Medical images of the retina can accurately predict an individual’s risk of cardiovascular disease and death, scientists report today.
Professor Alicja Rudnicka of St George’s University of London, UK, and colleagues examined the value of artificial intelligence (AI) enabled retinal vasculometry, for heart risks.
They analysed information from images of 88,052 UK Biobank participants, as well as 7,411 participants in the European Prospective Investigation into Cancer Norfolk, aged 40 to 92 years and followed for an average of seven to nine years.
Details included retinal arteriolar and venular width, tortuosity (curvature of the vessels) and retinal area.
A mathematical model to predict risk was developed, and its usefulness was compared to a normal risk prediction calculation involving age, smoking status and medical history.
They found that adding retinal vasculature to Framingham Risk Scores only led to slight improvements in the prediction of stroke or heart attack.

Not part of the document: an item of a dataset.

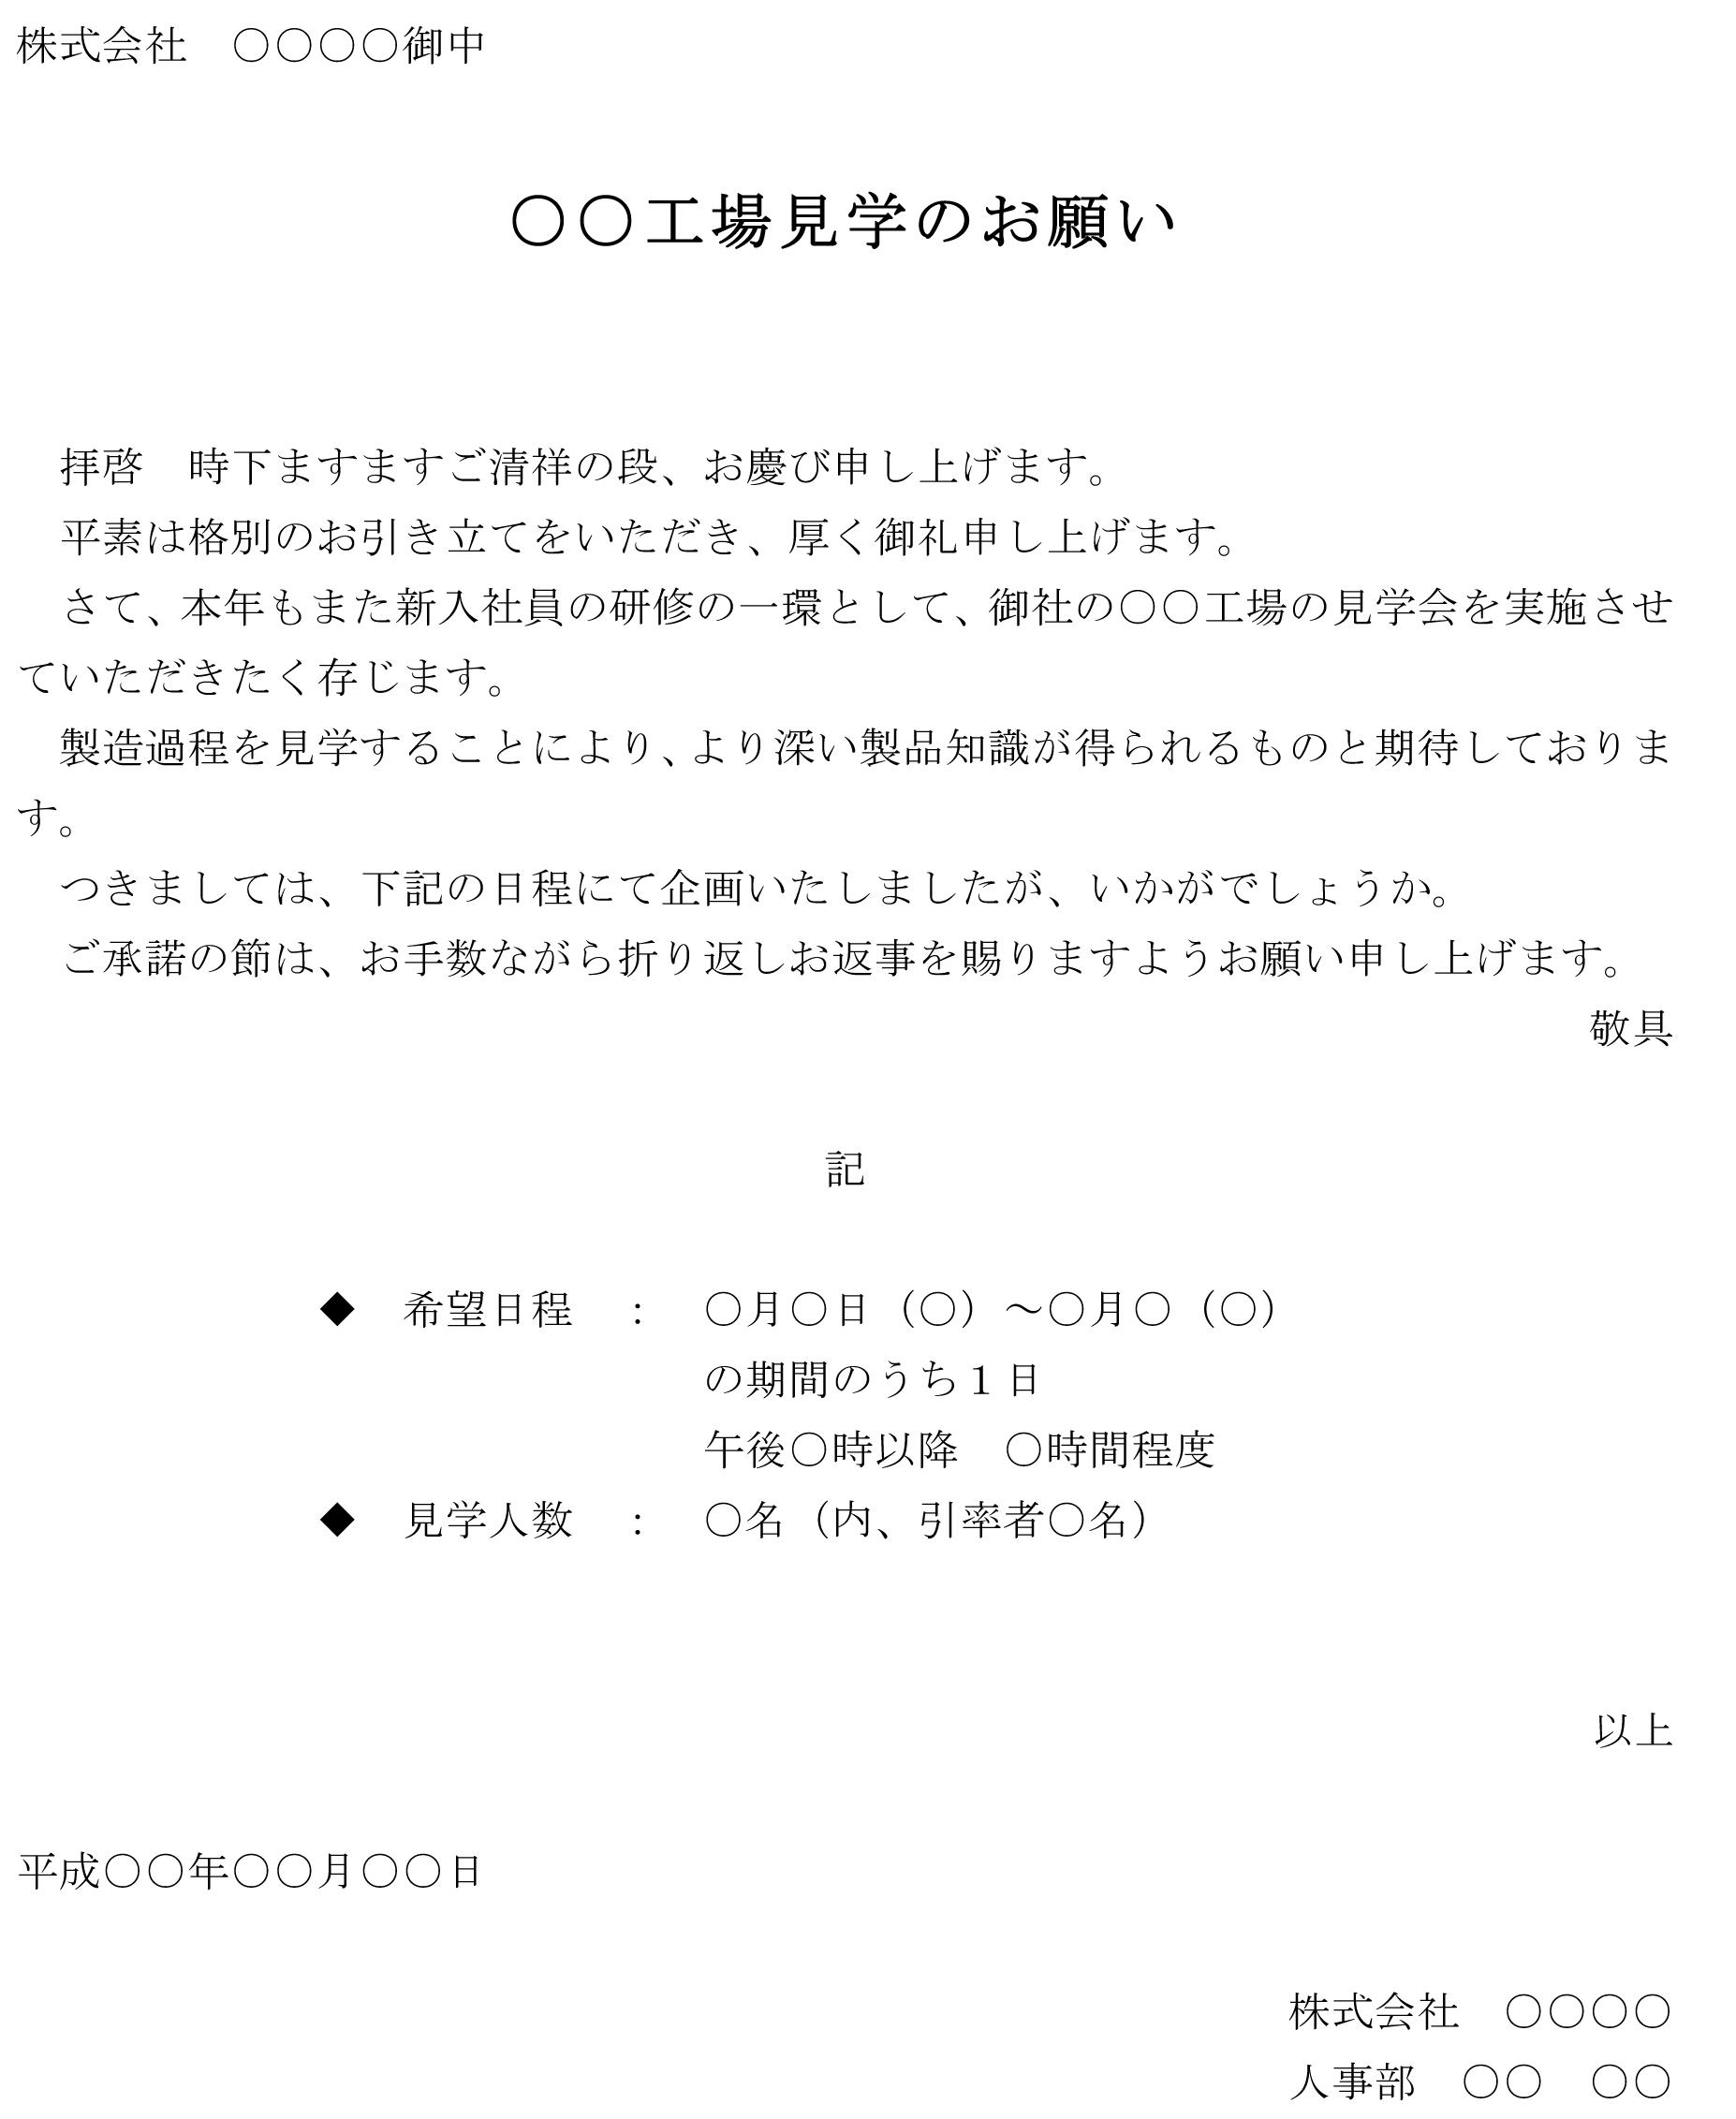 依頼状(工場見学)

But a simpler risk score including age, sex, smoking, medical history and retinal vasculature performed as well as the Framingham Risk Scores – with the advantage of being non-invasive.
In *British Journal of Ophthalmology* today they write: "Retinal vasculometry offers an alternative predictive biomarker to traditional risk-scores for vascular health, without the need for blood sampling or blood pressure measurement."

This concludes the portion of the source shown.